Dorcas retraced her steps to him.

"I worry about you, Dor. How can I make things better for you?"

She smiled and threw her arms around him.

"You can go about your life. Enjoy time with your new bride. Name your honeymoon baby after me."

Jonas laughed uneasily.

"I mean it! I wish I could do something. You've been through so much for one person. And this year alone has been a real hell for you." Jonas frowned as he looked down at her.

"I know I wouldn't be able to get through any of it without Cal. We have each other. You don't need to worry about me."

He kissed her temple and squeezed her tightly. "I love you, cousin."

"I love you too," Dorcas replied.

:::

Cal was solicitous of her when she appeared in the bedroom they shared at Blackpool.

"I hope you like the way I arranged the house," he said from his position at the vanity where he sat writing a letter.

Dorcas wanted to say that no matter how he arranged it, the house was still the same house that his mother told her she would never be mistress of. It was still the same house she'd spent her first night as a motherless orphan.

Some memories couldn't be erased by shifting some furniture or painting a wall.

But she smiled a small smile and turned to the bed where she'd begun to pack their things. He was trying to make what happened to her less traumatic in his way. He was trying to arrange it so that she didn't have to return to the Watermead house again.

She was reminded of the conversation she'd initiated with him following Dumbledore's visit last evening.

"I lied to the Aurors. I lied to Dumbledore," she'd confessed.

Cal stared up at her from the foot of the bed where he was rubbing her frigid toes.

"What do you mean, you lied?"

Dorcas folded her arms over her chest and leaned back against the pillows.

"I mean I didn't tell the truth, Cal. I will never tell the truth."

Cal stopped kneading her arch with his thumb.

"Will you tell me?"

Dorcas sighed. She knew that Cal would no sooner place their girls in harm's way than she would. Therefore, he had as much stake in keeping her secrets as she did.

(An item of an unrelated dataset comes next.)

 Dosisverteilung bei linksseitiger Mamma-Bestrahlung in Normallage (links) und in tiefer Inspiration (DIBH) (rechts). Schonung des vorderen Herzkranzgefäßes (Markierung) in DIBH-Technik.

"When Tom–" Dorcas choked on the name of her tormentor.

Cal shifted, taking the place beside her on the bed and wrapped an arm around her.

Dorcas shook her head when he opened his mouth. He was going to tell her that she needn't say anything more if she didn't want to.

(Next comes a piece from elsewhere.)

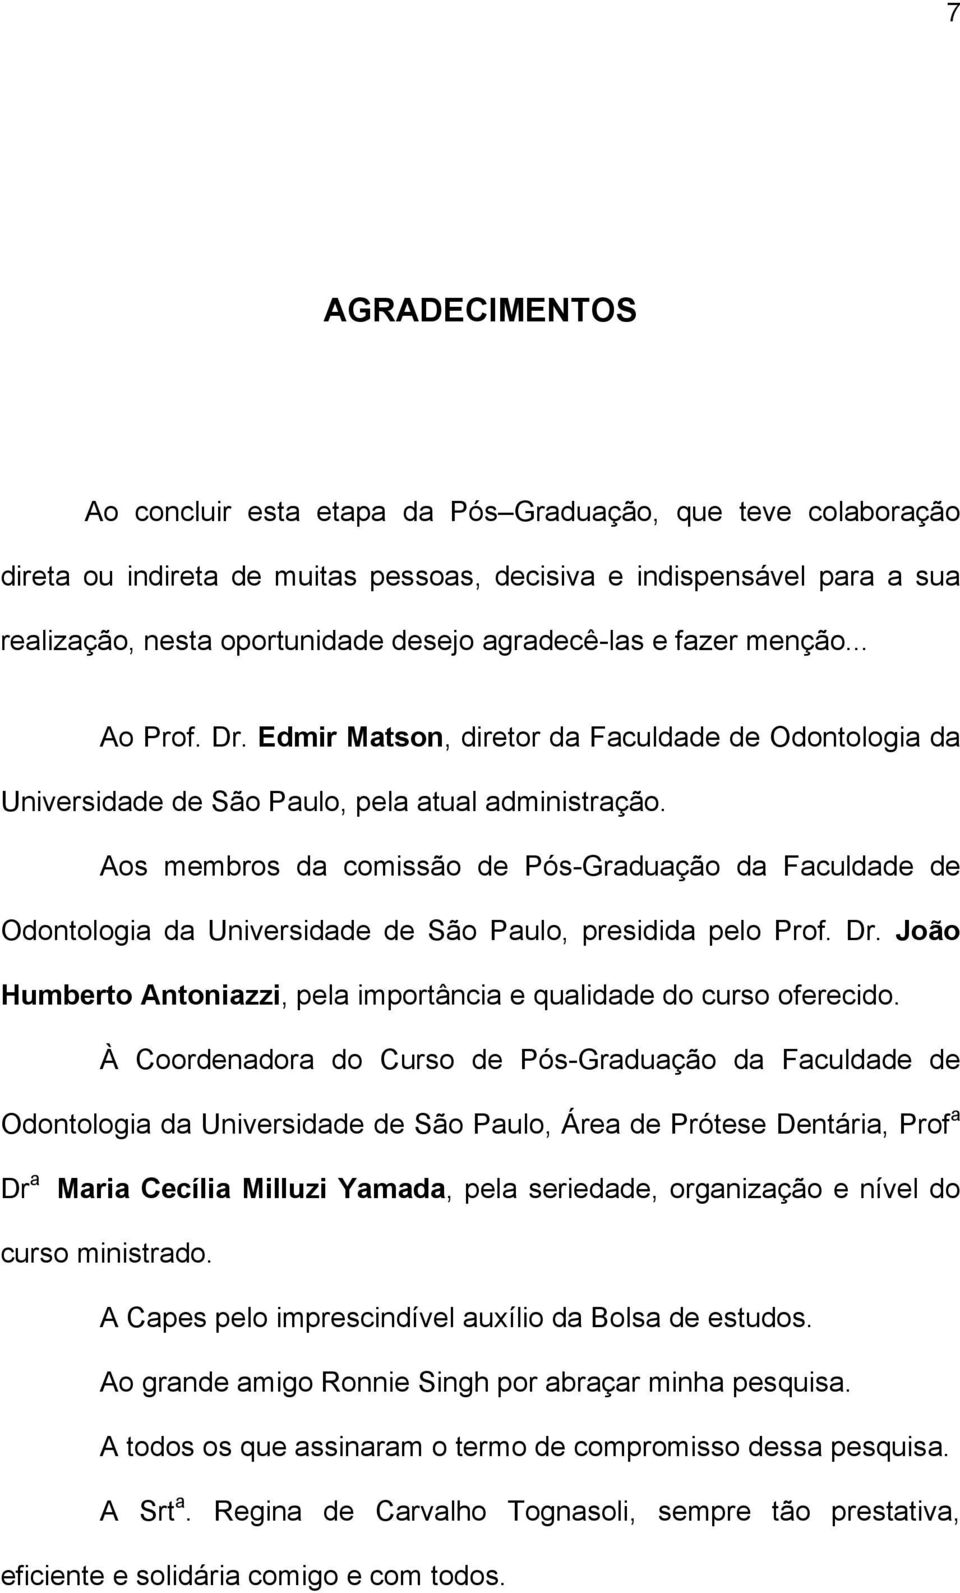 Aos membros da comissão de Pós-Graduação da Faculdade de Odontologia da Universidade de São Paulo, presidida pelo Prof. Dr. João Humberto Antoniazzi, pela importância e qualidade do curso oferecido.

She didn't want to say. But she had to say.

"When he was holding me down and," she paused once again.

Cal's hand rubbed her forearm encouragingly.

She closed her eyes and pushed on ahead. "Raped me," she continued, swiping a tear away from her cheek angrily. "He told me he could get to me anytime, anywhere."

"He won't touch you ever again, Dorcas," Cal insisted.

Dorcas patted his hand and shushed him. "You can't promise that, Cal. He wanted to let me know that he could pose as you and get to our girls. I'm sure of it. If I tell Dumbledore anything more than I already have, I could be endangering them."

"Dorcas–" he attempted.

"No, Cal. Listen to me! He fooled me. I let him take me into our bedroom. I went willingly. I begged him, even. Because I thought it was you. I was so desperate to make up with you. I didn't have any idea that it wasn't you until he let his Occlumency shield down. And he enjoyed how terrified and powerless I was. He got off on it. If he could fool me, he could fool anyone at Wren's school. He could fool anyone at Hogwarts. What would we do if he took one of our girls, Cal?"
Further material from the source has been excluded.